Let’s Burn the Mortgage
June 30, 2010 by Mark Finchem
Filed under Housing Market
Generally Buyer’s focus on the “Price” of a home and not the “Cost” of a home. The two major considerations when buying a home are present and future, also called Price and Terms. Price is that sum which one agrees to pay at the moment of closing. It is the cash that moves from the Buyer to the Seller in that moment called the transaction.
Terms on the other hand are usually what happens after the closing action; not always, but usually. Interest paid to the Buyer’s Lender would be one of the terms. It was not dictated by the Seller, but it is part of the transaction nonetheless.

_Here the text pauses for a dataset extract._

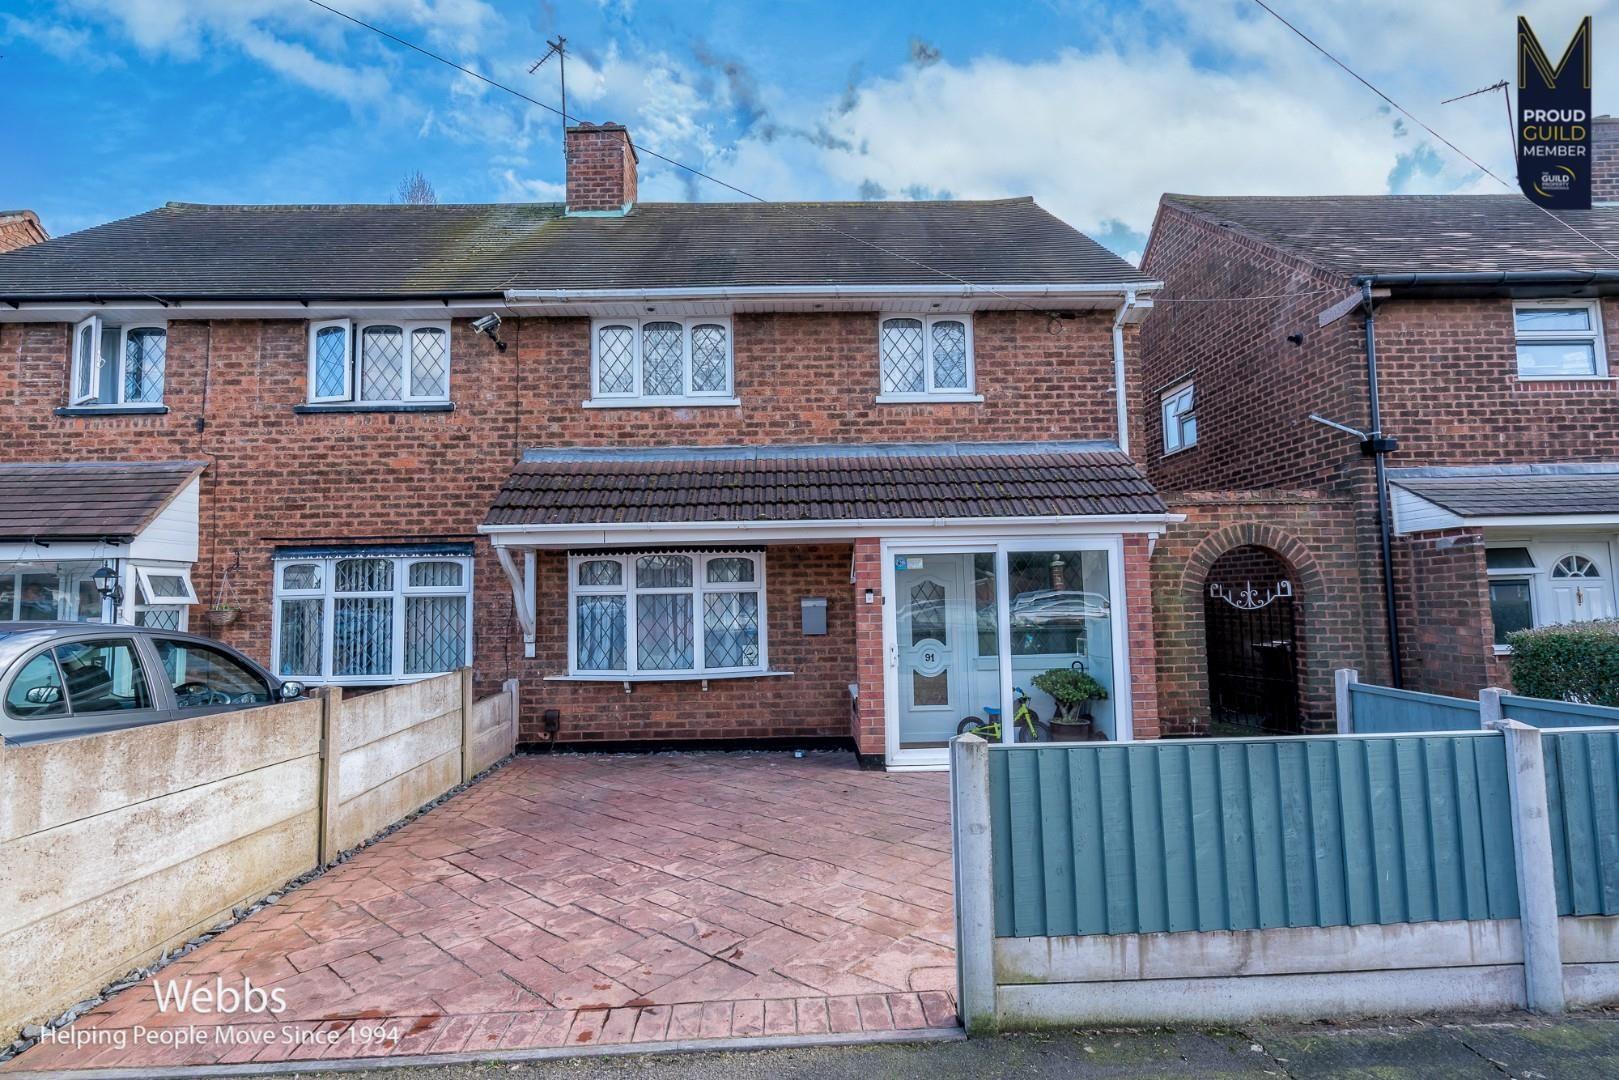 Property photo 1 of 21. 91, Gower Street, Walsall, Staffordshire, Ws2 9Az-

Over the life of a 30-Year, 5% Fixed Rate Mortgage on a $250,000 home the homeowner will pay approximately $434,825 (based on a 10% down payment). While it is true that in most cases the home mortgage interest can be claimed as a deduction on the homeowners income tax filing, is there an alternative?
PIP (the payment of Principle + Interest + Principal) can save big money over a short period of time. Paying the current months payment plus the following months principal in effect cuts the term of the loan in half just a little at a time.
At one time in the not too distant past homeowners celebrated the payoff of a mortgage with a mortgage burning party. What a great time to return to that tradition!